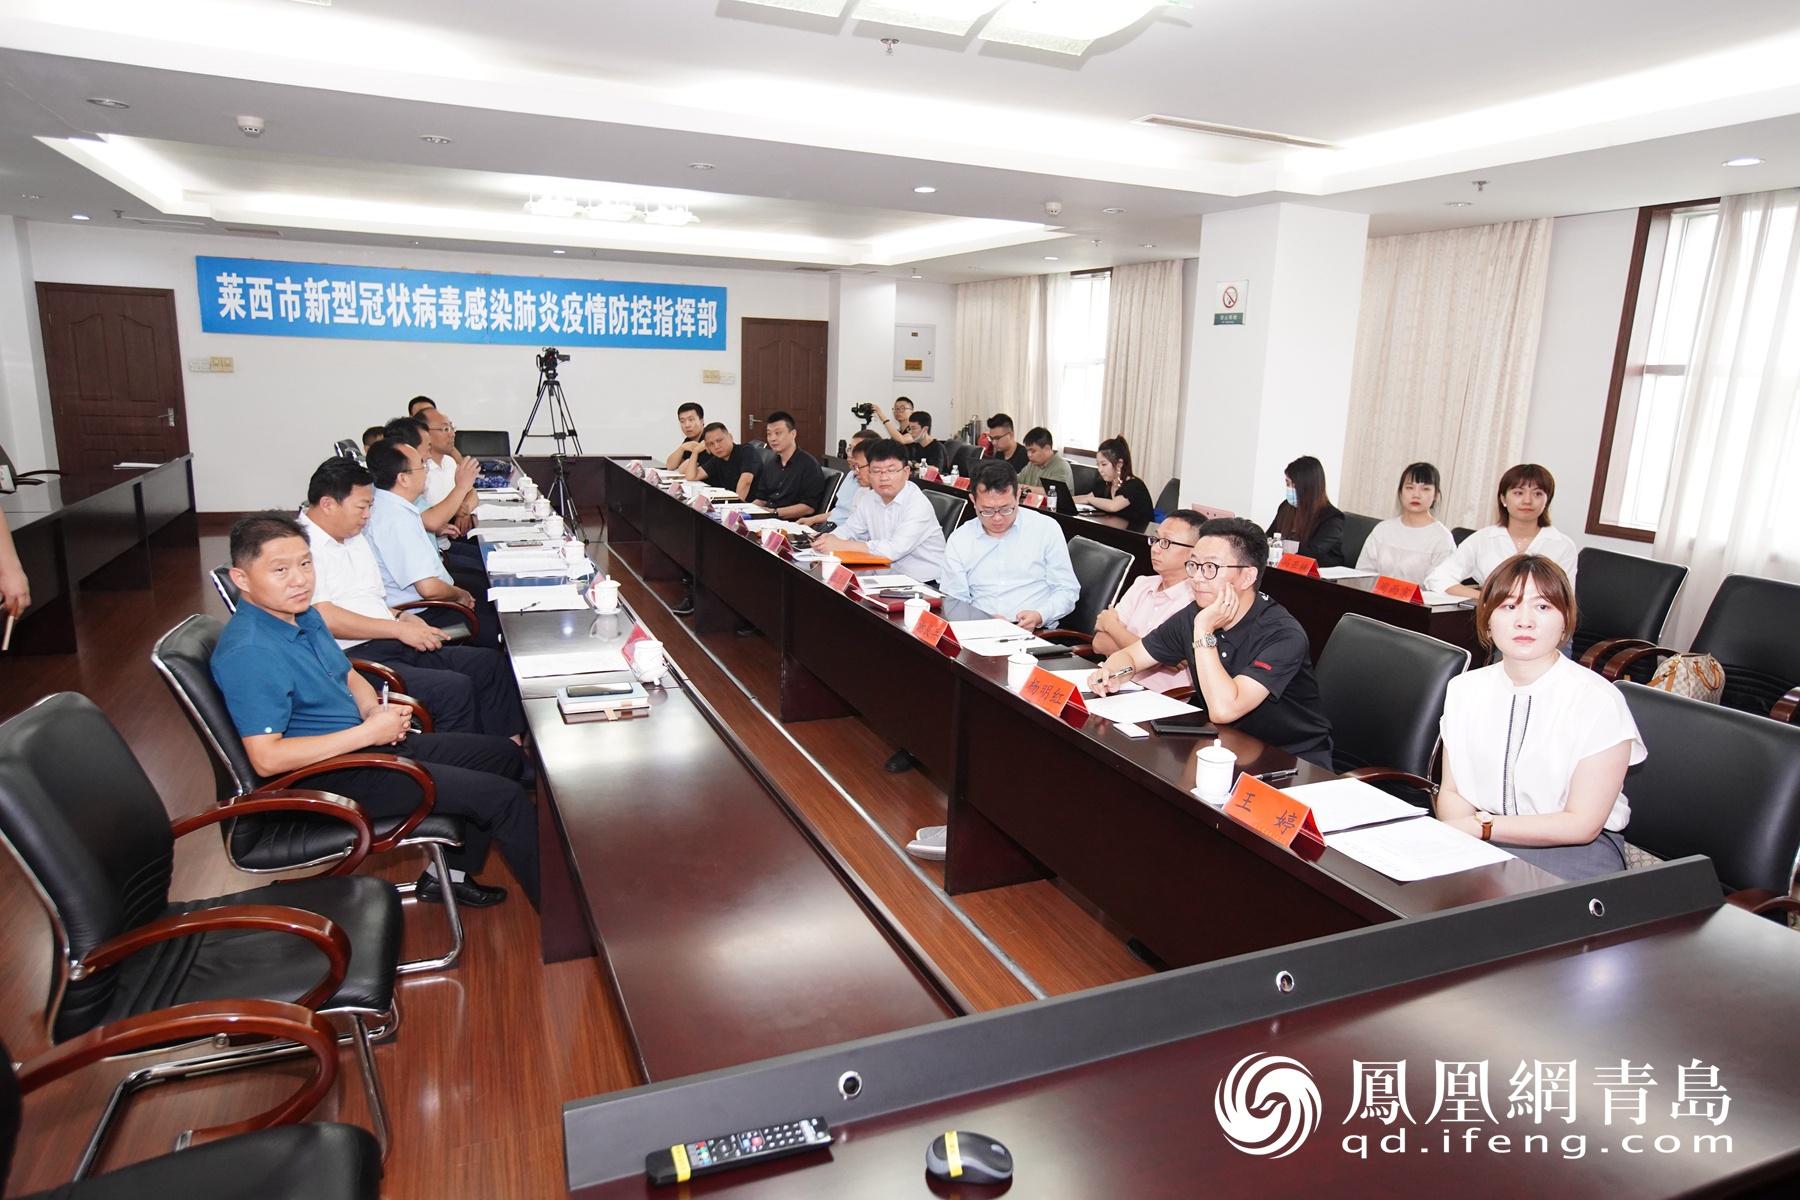 中国信通院工业互联网与物联网研究所所长金键:莱西突围工业互联网 要做好对企业的服务支撑
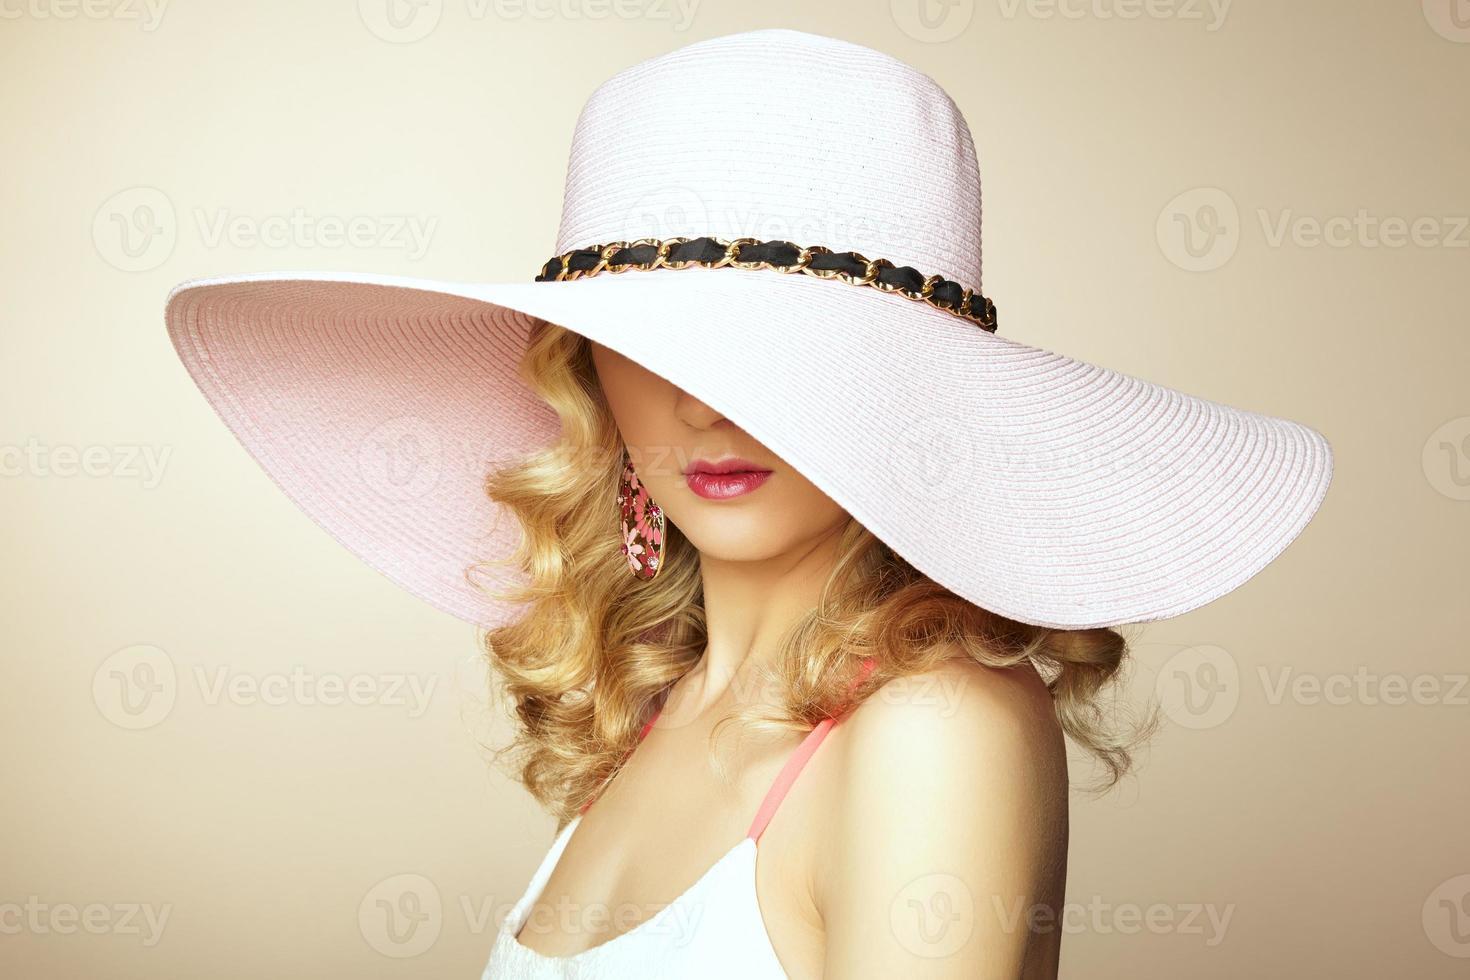 Modefoto der jungen prächtigen Frau im Hut. Mädchen posiert foto
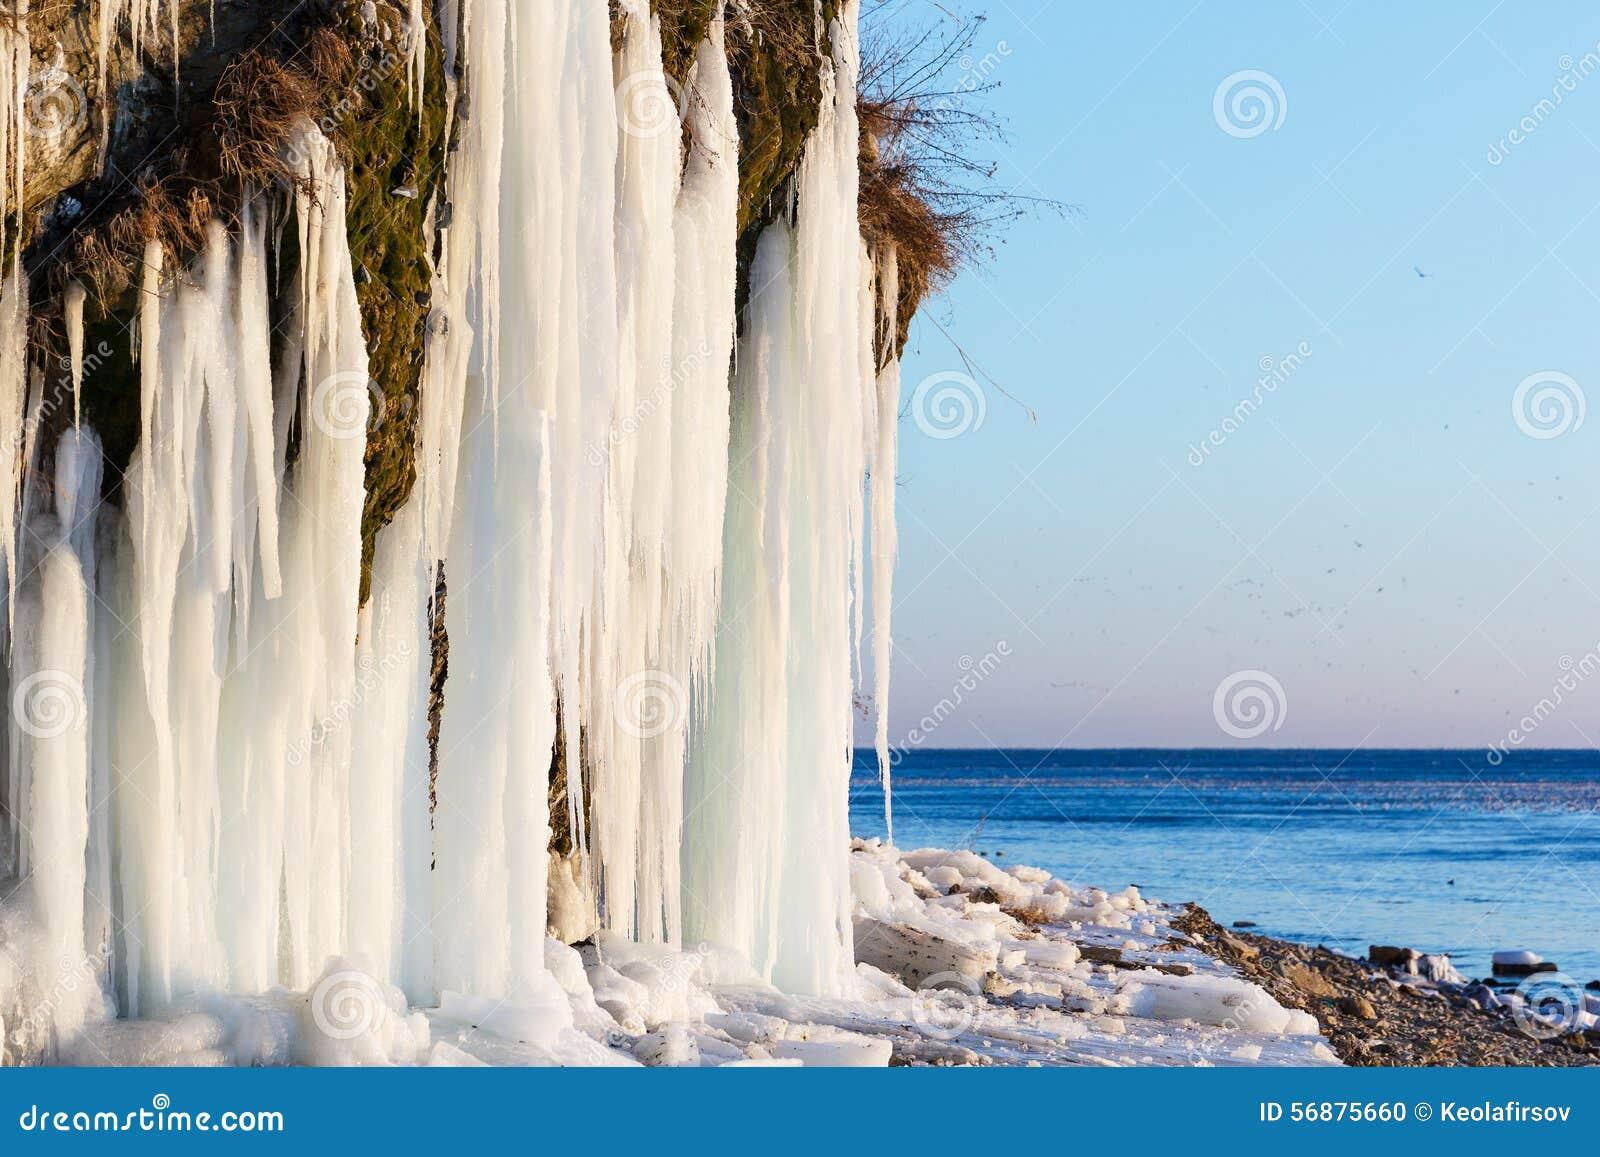 Stalattiti del ghiaccio in Anapa, Russia
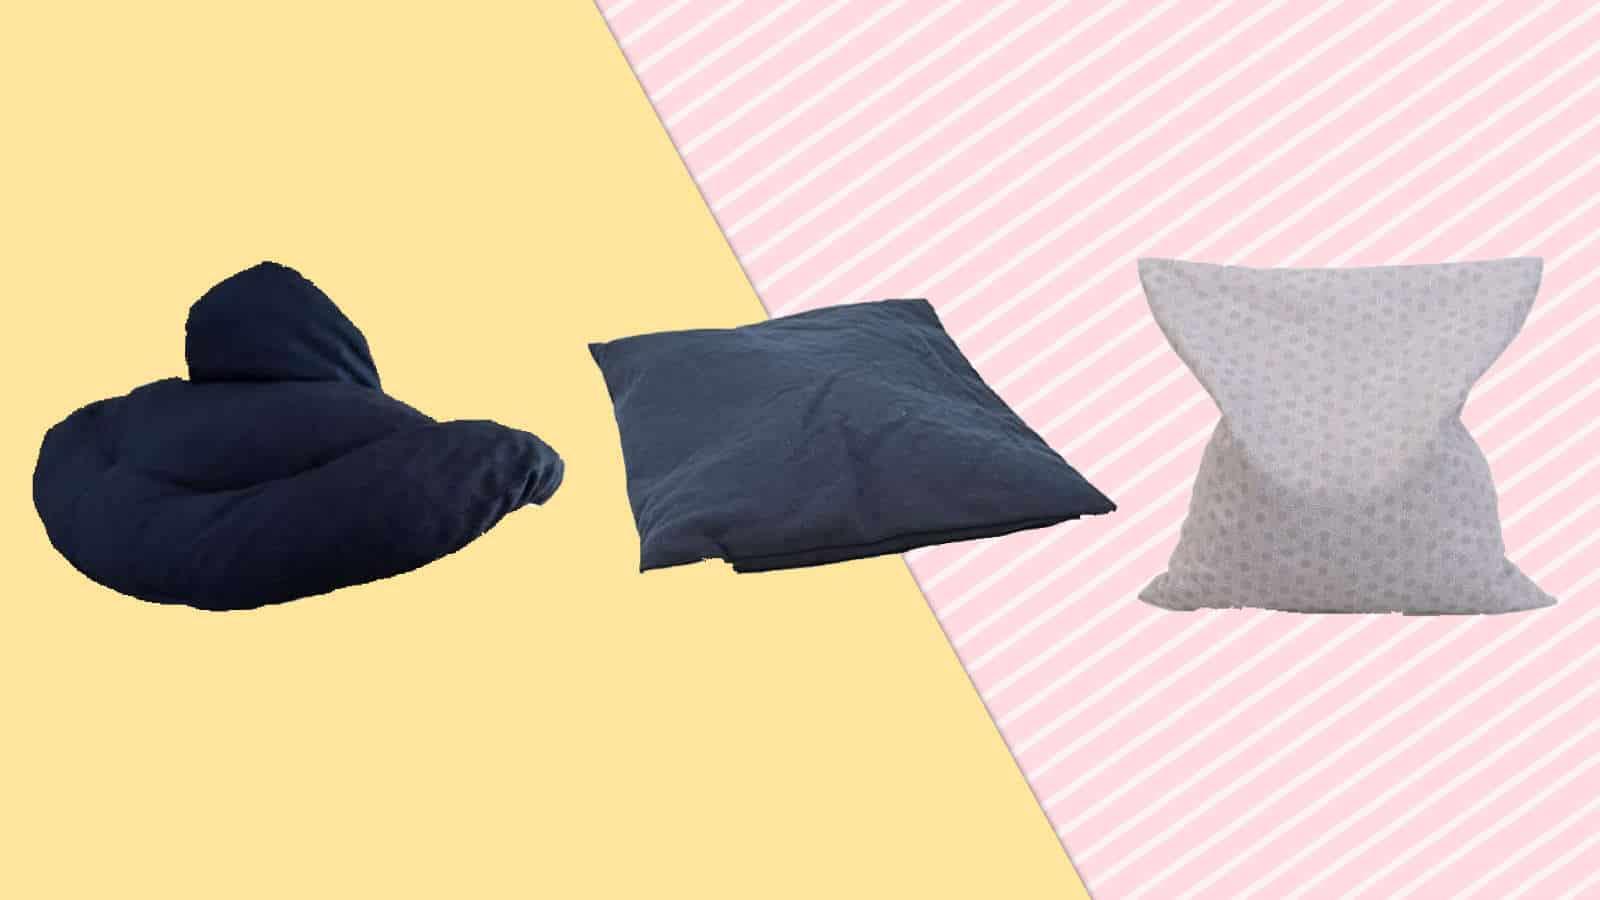 Kirschkernkissen- Die 5 besten Kissen im Vergleich 2020

::::::

EXERCISE DETAILS:
Copy verbatim the span that begins at the line containing "Stalattiti del ghiaccio in Anapa, Russia" and ends at the last line of the material, inclusive of both; exclude pictures.

EXERCISE RESULT:
 Stalattiti del ghiaccio in Anapa, Russia
 Kirschkernkissen- Die 5 besten Kissen im Vergleich 2020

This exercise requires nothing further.